Publications by Thiago Andrade Silva

2020

Discovering locations and habits from human mobility data

Authors
Andrade, T; Cancela, B; Gama, J;

Publication
ANNALS OF TELECOMMUNICATIONS

Abstract
Human mobility patterns are associated with many aspects of our life. With the increase of the popularity and pervasiveness of smartphones and portable devices, the Internet of Things (IoT) is turning into a permanent part of our daily routines. Positioning technologies that serve these devices such as the cellular antenna (GSM networks), global navigation satellite systems (GPS), and more recently the WiFi positioning system (WPS) provide large amounts of spatio-temporal data in a continuous way (data streams). In order to understand human behavior, the detection of important places and the movements between these places is a fundamental task. That said, the proposal of this work is a method for discovering user habits over mobility data without any a priori or external knowledge. Our approach extends a density-based clustering method for spatio-temporal data to identify meaningful places the individuals' visit. On top of that, a Gaussian mixture model (GMM) is employed over movements between the visits to automatically separate the trajectories accordingly to their key identifiers that may help describe a habit. By regrouping trajectories that look alike by day of the week, length, and starting hour, we discover the individual's habits. The evaluation of the proposed method is made over three real-world datasets. One dataset contains high-density GPS data and the others use GSM mobile phone data with 15-min sampling rate and Google Location History data with a variable sampling rate. The results show that the proposed pipeline is suitable for this task as other habits rather than just going from home to work and vice versa were found. This method can be used for understanding person behavior and creating their profiles revealing a panorama of human mobility patterns from raw mobility data.

2020

From mobility data to habits and common pathways

Authors
Andrade, T; Cancela, B; Gama, J;

Publication
EXPERT SYSTEMS

Abstract
Many aspects of our lives are associated with places and the activities we perform on a daily basis. Most of them are recurrent and demand displacement of the individual between regular places like going to work, school or other important personal locations. To accomplish these recurrent daily activities, people tend to follow regular paths with similar temporal and spatial characteristics, especially because humans are frequently looking for uniformity to support their decisions and make their actions easier or even automatic. In this work, we propose a method for discovering common pathways across users' habits from human mobility data. By using a density-based clustering algorithm, we identify the most preferable locations the users visit, we apply a Gaussian mixture model over these places to automatically separate among all traces, the trajectories that follow patterns in order to discover the representations of individual's habits. By using the longest common sub-sequence algorithm, we search for the trajectories that are more similar over the set of users' habits trips by considering the distance that pairs of users or habits share on the same path. The proposed method is evaluated over two real-world GPS datasets and the results show that the approach is able to detect the most important places in a user's life, detect the routine activities and identify common routes between users that have similar habits paving the way for research techniques in carpooling, recommendation and prediction systems.

2022

What can move non-IS developers towards open and collaborative development initiatives?

Authors
Andrade, T; de Araujo, RM; Siqueira, SWM;

Publication
Braz. J. Inf.
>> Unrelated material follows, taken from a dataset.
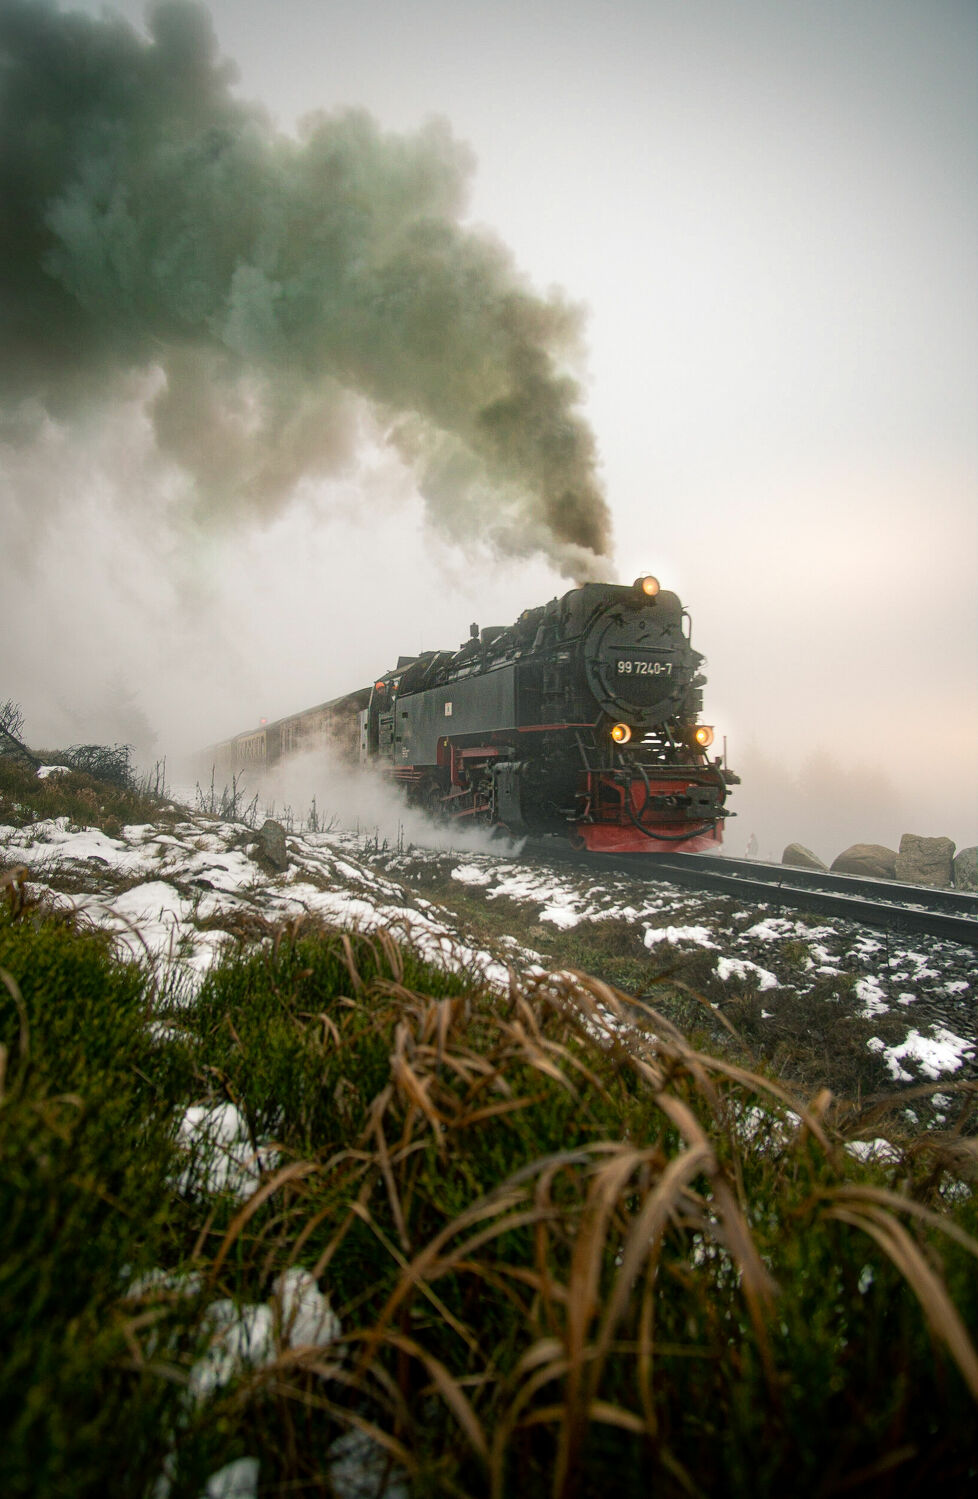 Bild mit Winter, Schnee, Nebel, Harz, Bahn, Dampf, Zug, Brocken, dampflok, Lokomotive

Syst.

Abstract

2024

Next Location Prediction with Time-Evolving Markov Models over Data Streams

Authors
Andrade, T; Gama, J;

Publication
Progress in Artificial Intelligence - 23rd EPIA Conference on Artificial Intelligence, EPIA 2024, Viana do Castelo, Portugal, September 3-6, 2024, Proceedings, Part III

Abstract
Various relevant aspects of our lives relate to the places we visit and our daily activities. The movement of individuals between regular places, such as work, school, or other important personal locations is getting increasing attention due to the pervasiveness of geolocation devices and the amount of data they generate. This paper presents an approach for personal location prediction using a probabilistic model and data mining techniques over mobility data streams. We extract the individuals’ locations from relevant events in a data stream to build and maintain a Markov Chain over the important places. We evaluate the method over 3 real-world datasets. The results show the usefulness of the proposal in comparison with other well-known approaches. © The Author(s), under exclusive license to Springer Nature Switzerland AG 2025.

2024

Where DoWe Go From Here? Location Prediction from Time-Evolving Markov Models

Authors
Andrade, T; Gama, J;

Publication
39TH ANNUAL ACM SYMPOSIUM ON APPLIED COMPUTING, SAC 2024

Abstract
Various relevant aspects of our lives relate to the places we visit and our daily activities. The movement of individuals between regular places, such as work, school, or other important personal locations is getting increasing attention due to the pervasiveness of geolocation devices and the amount of data they generate. This work presents an approach for location prediction using a probabilistic model and data mining techniques over mobility data streams. We evaluate the method over 5 real-world datasets. The results show the usefulness of the proposal in comparison with other-well-known approaches.

2023

Pollution Emission Patterns of Transportation in Porto, Portugal Through Network Analysis

Authors
Andrade, T; Shaji, N; Ribeiro, RP; Gama, J;

Publication
PROGRESS IN ARTIFICIAL INTELLIGENCE, EPIA 2023, PT I

Abstract
Over the past few decades, road transportation emissions have increased. Vehicles are among the most significant sources of pollutants in urban areas. As such, several studies and public policies emerged to address the issue. Estimating greenhouse emissions and air quality over space and time is crucial for human health and mitigating climate change. In this study, we demonstrate that it is feasible to utilize raw GPS data to measure regional pollution levels. By applying feature engineering techniques and using a microscopic emissions model to calculate vehicle-specific power (VSP) and various specific pollutants, we identify areas with higher emission levels attributable to a fleet of taxis in Porto, Portugal. Additionally, we conduct network analysis to uncover correlations between emission levels and the structural characteristics of the transportation network. These findings can potentially identify emission clusters based on the network's connectivity and contribute to developing an emission inventory for an urban city like Porto.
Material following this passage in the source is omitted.